Awesome! This is the first time I've ever had a fish named after me. I consider this a very high honor! ;-)


----------



## baldiemac (Jan 24, 2011)

i think the name suits her, we shall have to tell the world that you have a snowflake named after you, that is so cool, I shall keep you posted with her progress


----------



## aunt kymmie (Jun 2, 2008)

baldiemac said:


> i think the name suits her, we shall have to tell the world that you have a snowflake named after you, that is so cool, I shall keep you posted with her progress


You know, we can drop the "Aunt" part of the name, and just call her "Kymmie", which is what all my friends call me. Just watching her scarf down her food reminds me of me!
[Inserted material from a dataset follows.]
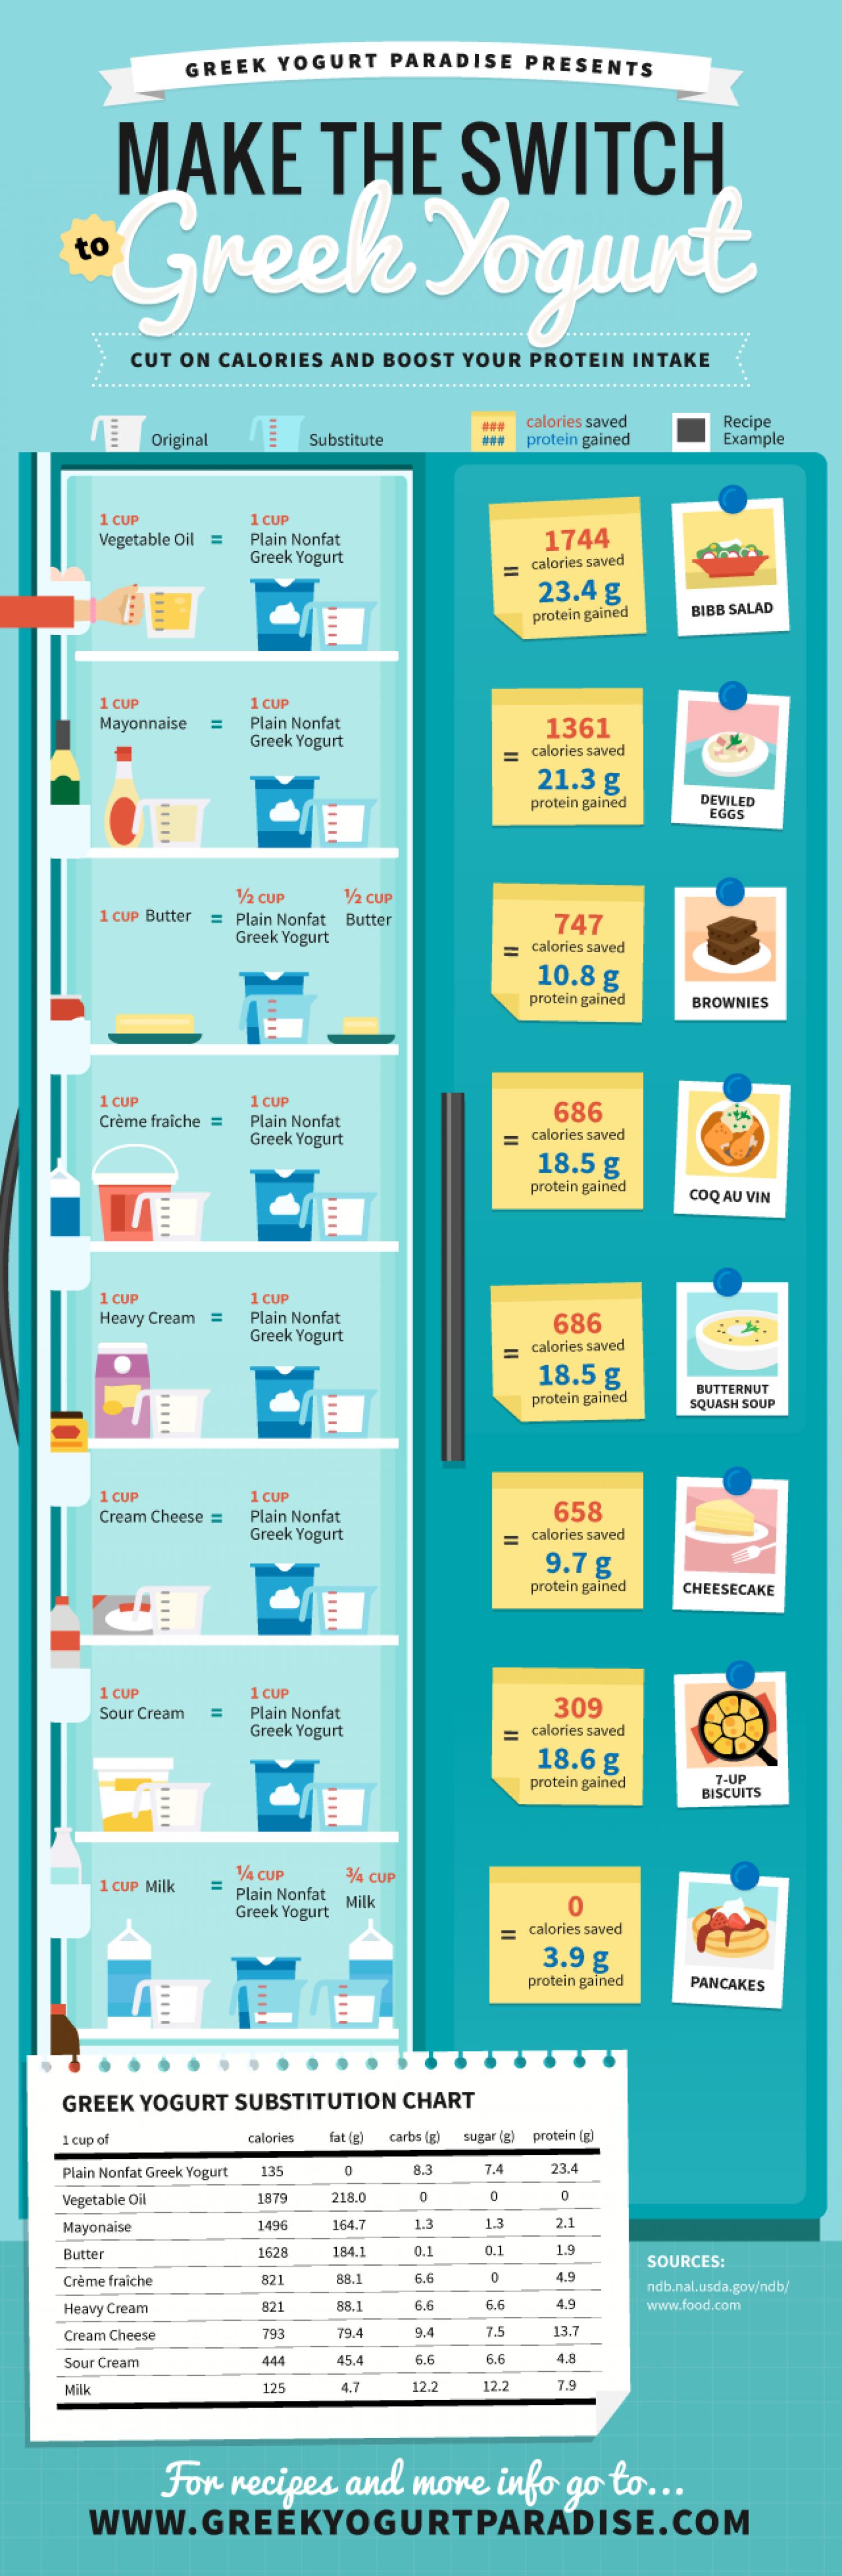 Greek Yogurt Substitute Diet Plan

I'm ALWAYS hungry. ;-)


----------



## baldiemac (Jan 24, 2011)

OK Kymmie it is then and you can be her aunt


----------



## Calmwaters (Sep 2, 2009)

Very cool fish with an awesome name! ; ) LOL what was that you were feeding them?


----------



## baldiemac (Jan 24, 2011)

they were called dillies, like a small lance fish, my anemone likes them as well, she also has krill 2 or 3 times a week but she also takes formula 1 and formula 2 pellets, they are not for her but she eats them, quite funny really, I'm sure the other fish get the hump with her for eating their food


----------